Is a kind of cheese cut into slices, also known as cheese slices, can be eaten raw, is not used to eating people will feel the taste of strange, a little salty. The best and easiest way is to be sandwiched in the bread to make sandwiches or hamburgers to eat, both delicious and convenient!

Gelatinous

1. Gelatin / Fish Gum Flakes

Translated from the English name Gelatin, also known as gelatin or fish gelatin, Gelatin is a gel extracted from animal materials such as cow or fish bones, with the main ingredient being proteins, rich in 18 amino acids. It is an ideal source of protein.

The flakes, also known as gellan gum flakes, are translucent, yellowish-brown, have a fishy odor, and need to be soaked to remove the fishy odor, and should be softened with cold boiled water before using gellan gum flakes. In the baking is mainly used for mousse cake, jelly, pudding, etc. Mainly play a role in coagulation.

2. Guylidin Powder

The flakes are called as Ghirardine slices, and the powder is called as Ghirardine powder. Ghirardine powder and Ghirardine tablets can be used in place of each other, the dosage is the same (such as 5 grams of Ghirardine tablets coagulability and 5 grams of Ghirardine powder is the same).

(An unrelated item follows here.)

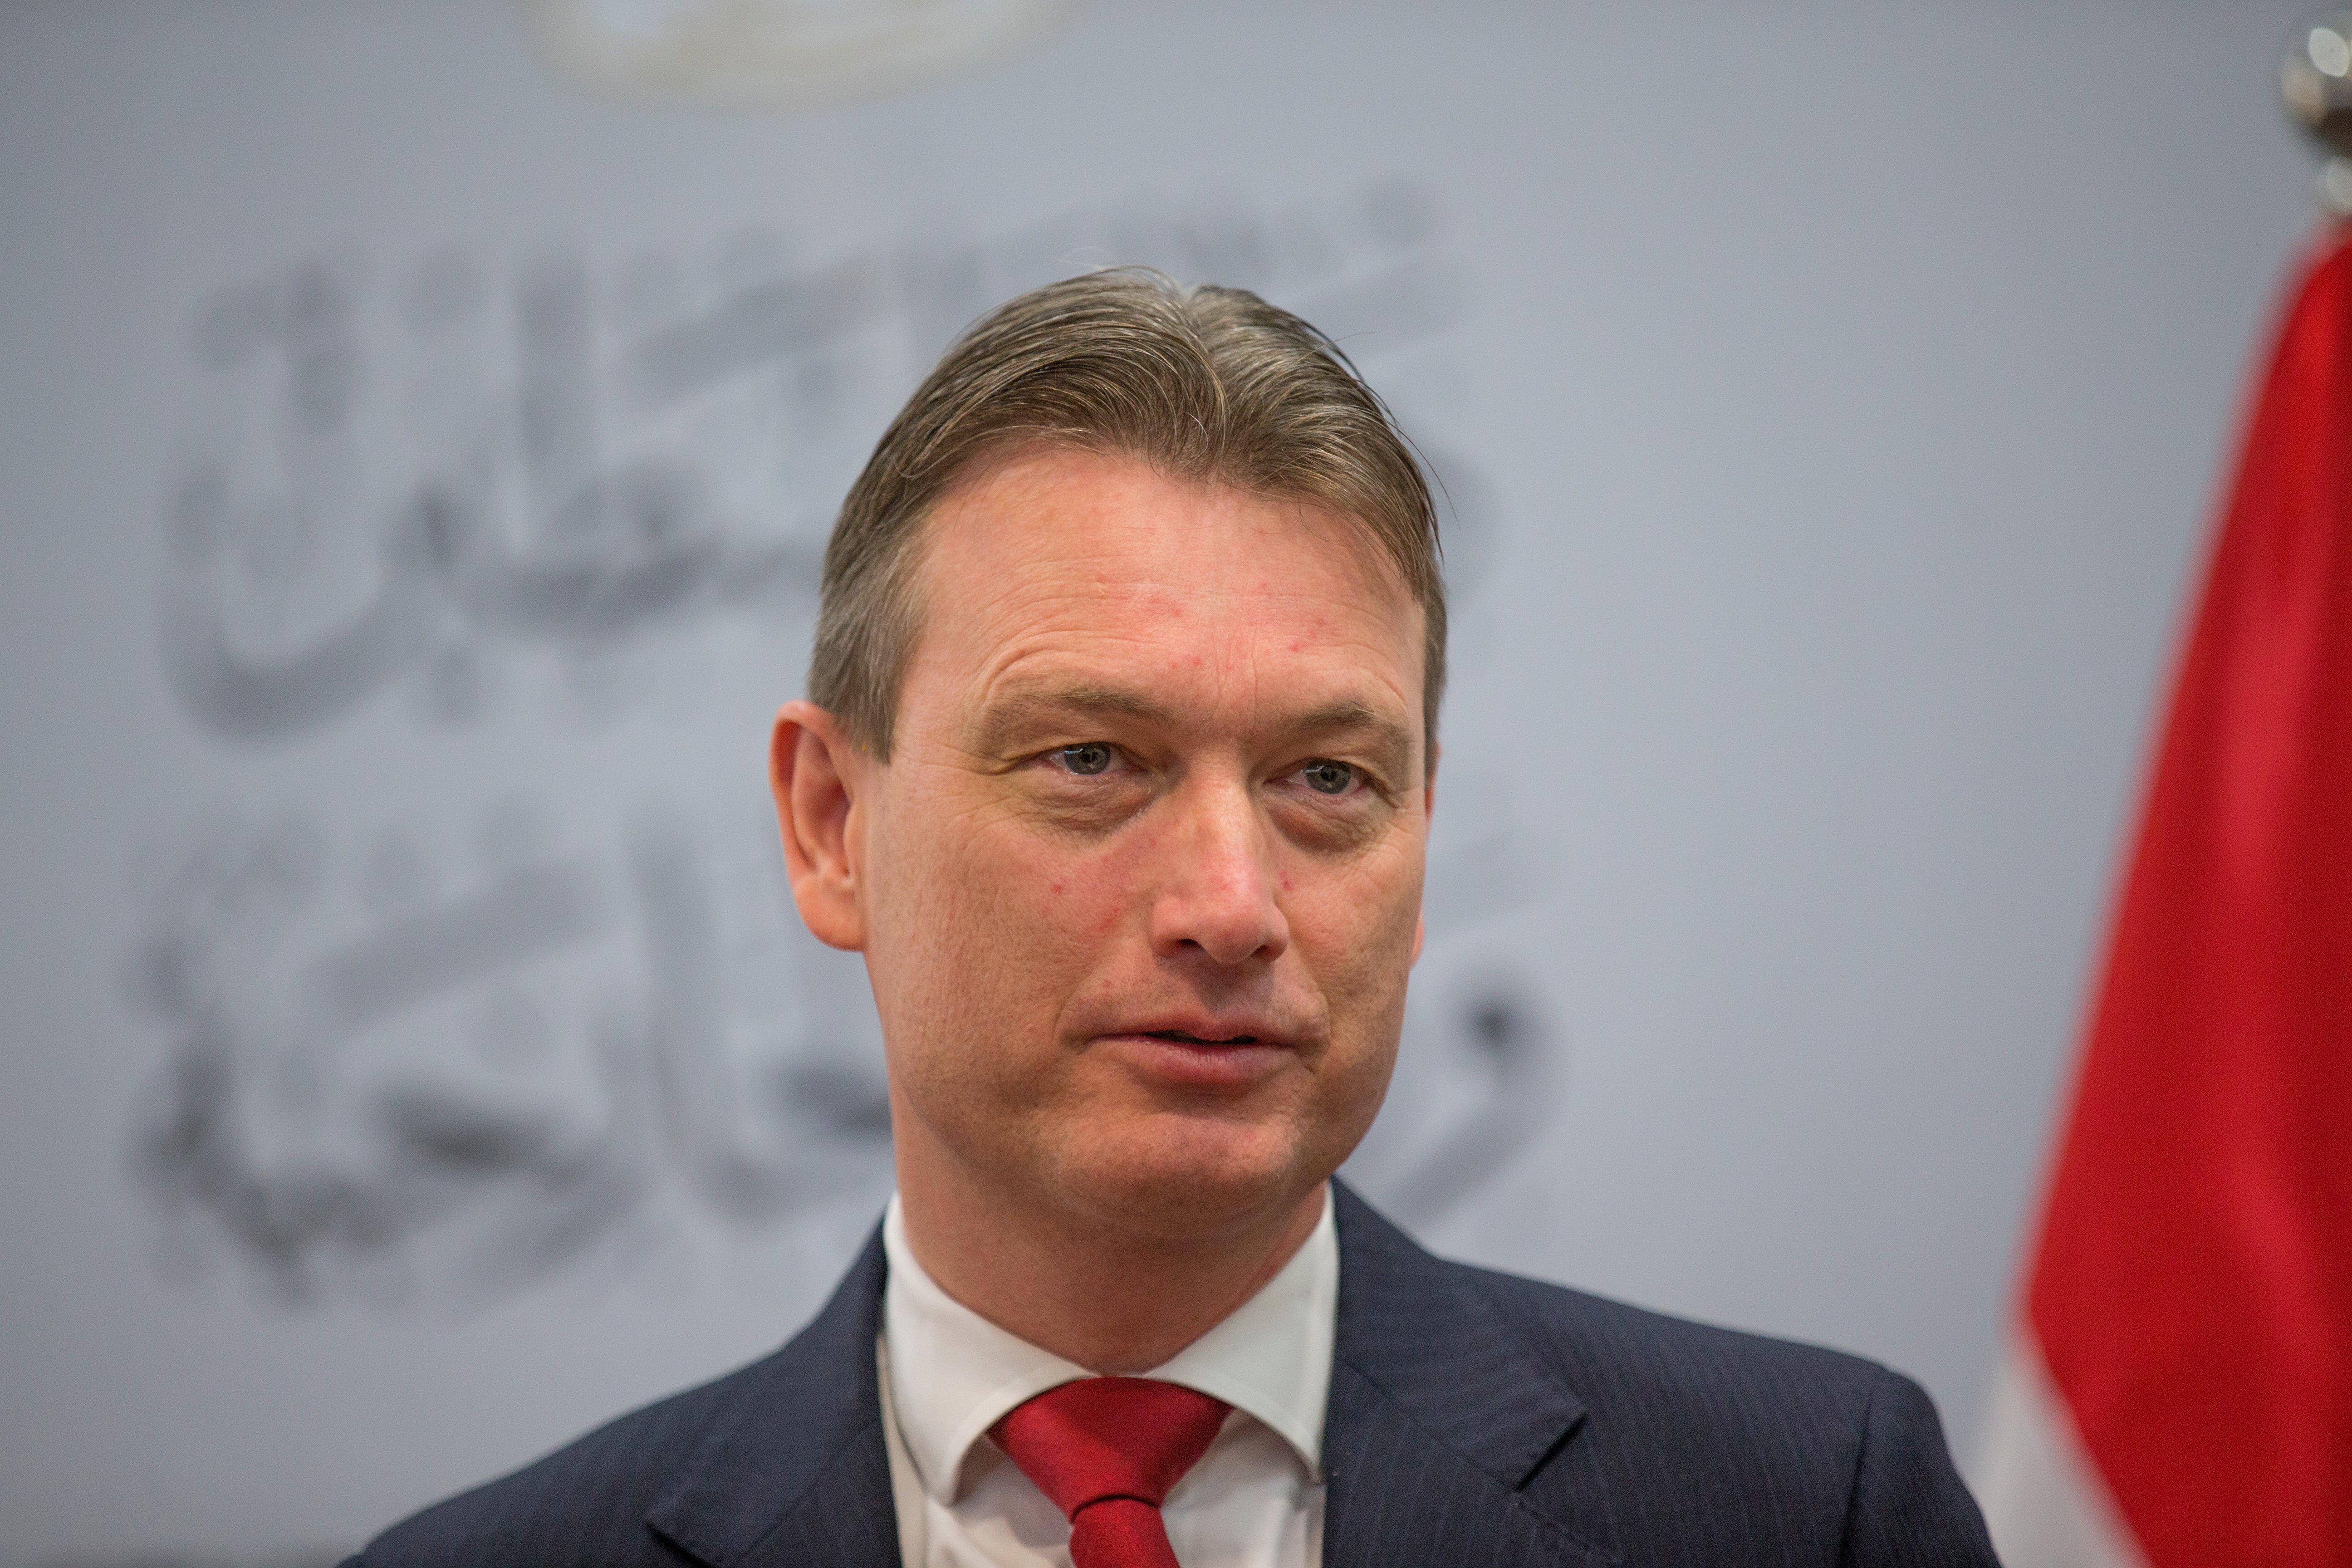 Ministro da diplomacia holandesa demite-se devido a mentira sobre reunião com Putin

To soak softened Gilead powder, usually soak it in 3-4 times its weight in water. To soak the Guylidin tablets, then soak soft and fish out, wring out the water can be.

3. Agar

Agar is a coagulant made from seaweed, therefore, agar is a vegetarian food. Unlike Gilead, agar is much harder to dissolve and needs to be added to boiling water and simmered for a few minutes before it can be completely melted into the water, and once the temperature drops below 40°C, it will solidify immediately.

Agar also needs to be soaked before use and will swell to four times its size when fully soaked. Agar has a harder texture than Guylian, and is often used to make pastries such as suet and gazpacho, so agar is not interchangeable with Guylian.